Table 1. Proposed S-boxes.

1	8	12	6	2	11	15	5	5	12	8	2	7	14	10	0
3	4	5	9	0	7	6	10	7	0	1	13	5	2	3	15
0	15	10	7	3	12	9	4	4	11	14	3	6	9	12	1
14	13	11	2	13	14	8	1	10	9	15	6	8	11	13	4

. The performance analysis of the proposed S-boxes is depicted in

Table 2. Analysis comparison of proposed S-boxes with some existing S-boxes.

S-Box	NL	SAC	LP	DP
Proposed_1	4	0.25	0.75	0.25
Proposed_2	4	0.25	0.75	0.25
Proposed_3	4	0.25	0.75	0.25
Proposed_4	4	0.25	0.75	0.25
Ref. [24]	3.5	0.125	0.25	0.4375
Ref. [25]	3.5	0.125	0.5	0.54469

, exhibiting that the proposed scheme is better than other existing schemes.

3.3. Proposed Audio Encryption Algorithm

We debated the proposed encryption scheme in this subsection. The proposed technique keeps digital audio data in wav format safe when transmitted across insecure networks. Here is a step-by-step framework of the encryption method that is offered as follows:

Step 1. Since the technique initially reads the audio, which contains both negative and positive integers, it constructs a matrix $N_{i,j}$ consisting of 0 and 1 to identify the location of integers, defined as follows:

$$N_{i,j}=\left\{\begin{array}{c}0, if G_{i,j}<0\\ 1, if G_{i,j}\ge 0\end{array}\right.$$

(4)

where $G_{i,j}$ denotes the data matrix and $\left(i,j\right)$ presents the location of an element in that data matrix.

Step 2. Next, apply an absolute function on the data matrix $G$ to produce a new matrix $G″$ with integer values in the range of the Galois field $\left(2^{16}\right)$.

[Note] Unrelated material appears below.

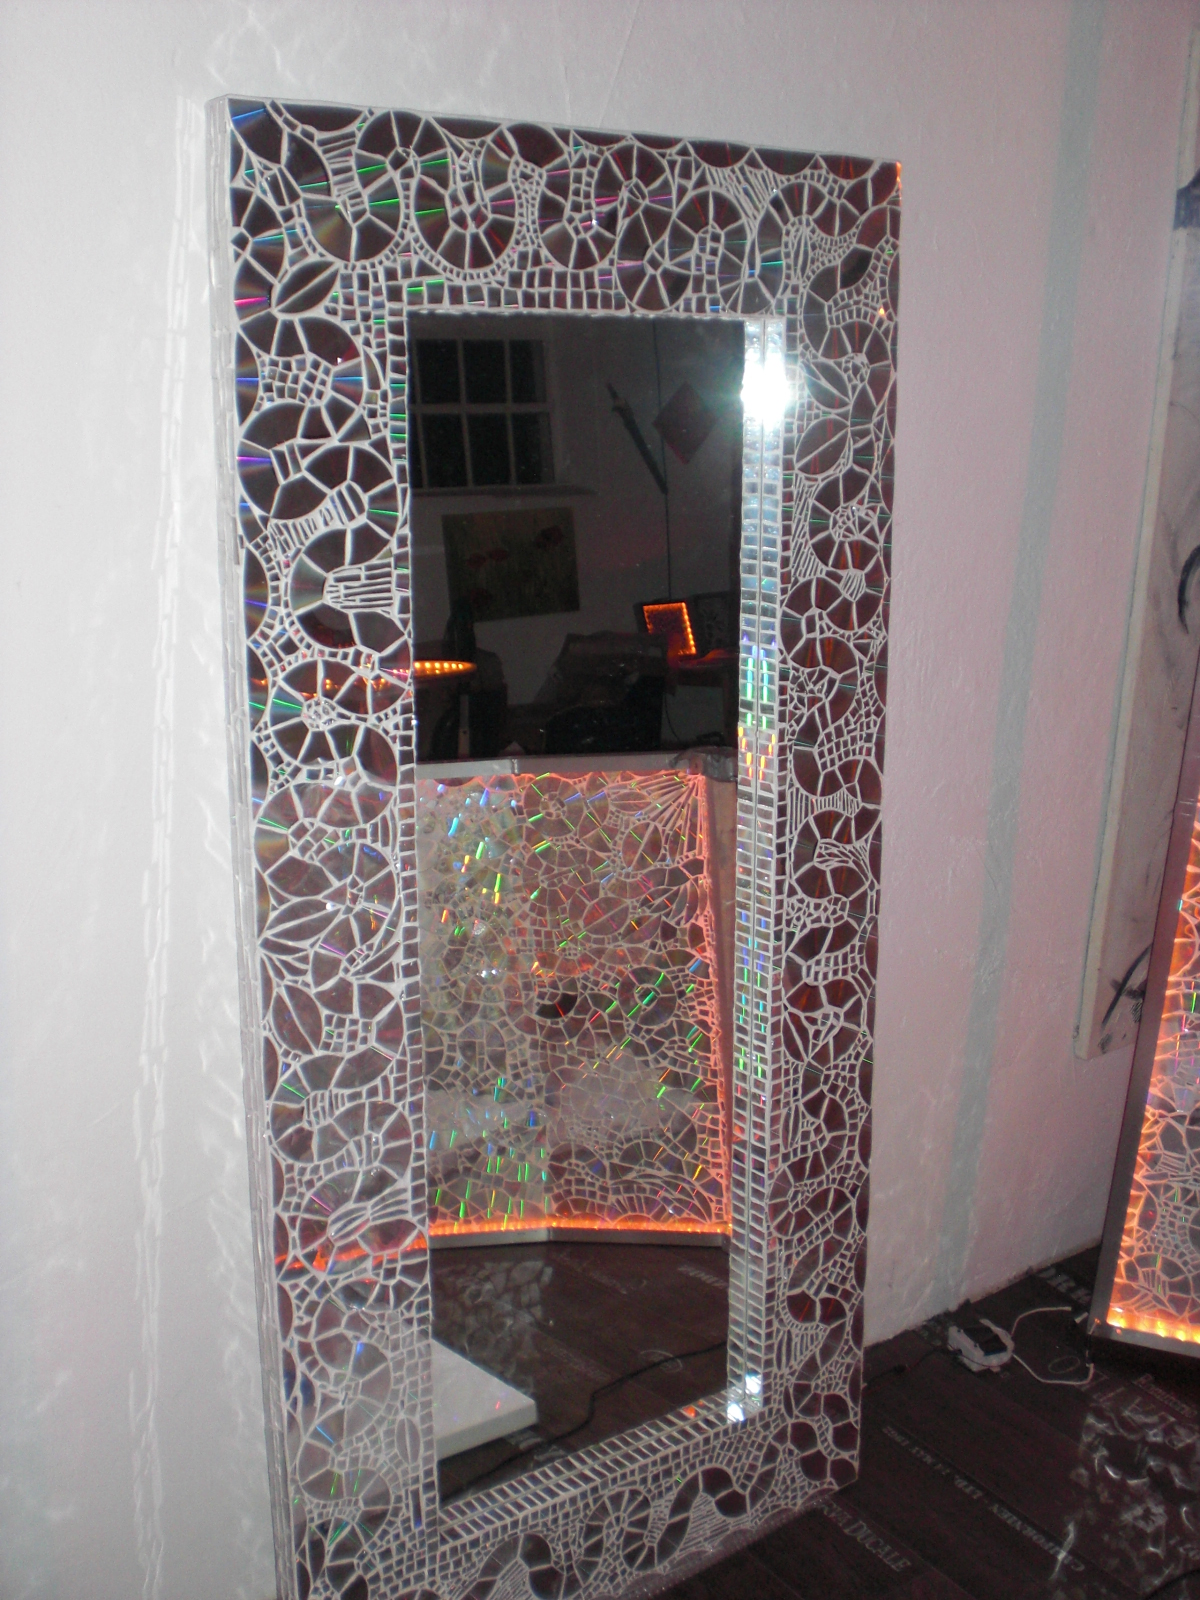 energie spiegel 95 cm x 190 cm cm mit wei en konturen. Black Bedroom Furniture Sets. Home Design Ideas

Step 3. Since there is a substantial correlation between adjoining integers, efficient data methods include several features to split this strong correlation among adjoining numbers. Generate the sequence $\alpha$ of RNs by selecting a prime $p>M\times N$ where $p\equiv 2 \left(mod 3\right)$ by the random number generator presented in Section 3.1. After that, shorten the sequence and employ the new one to scramble the actual audio matrix.

$$G^p\left(i,j\right)=G^{″}\left(\alpha \left(i\right),\alpha \left(j\right)\right)$$

(5)

where $i,j$ denotes the position of an element in the shuffled matrix $G^p$. The spectrogram graph and the scrambled audio waveform are displayed in Figures 2 and 3. Also, the figures indicate that the permutation step was the most disruptive in terms of audio distortion.

Step 4. Since any cryptosystem would be incomplete without a stage characterized by disorientation and uncertainty, the substitution process is employed to confuse the ciphered data in this step. To reduce the time complexity, we divided the permuted block into four subblocks, each of which contained 4-bit integers, using the following maps:

$$\pi : GF\left(2^{16}\right)\to GF\left(2^4\right)\times GF\left(2^4\right)\times GF\left(2^4\right)\times GF\left(2^4\right)$$

Defined by

$$\pi \left({\displaystyle \sum }_{j=0}^{15}{b}_j{x}^j\right)=\left({\displaystyle \sum }_{j=0}^3{b}_j{x}^j, {\displaystyle \sum }_{j=4}^7{b}_{j-4}{x}^{j-4}, {\displaystyle \sum }_{j=8}^{11}{b}_{j-8}{x}^{j-8},{\displaystyle \sum }_{j=12}^{15}{b}_{j-12}{x}^{j-12}\right)$$

(6)

where the coefficients $b_j\in \left\{0,1\right\}.$ The above data are now split into the four subblocks $G_1^p$, $G_2^p$ and $G_3^p$, $G_4^p$.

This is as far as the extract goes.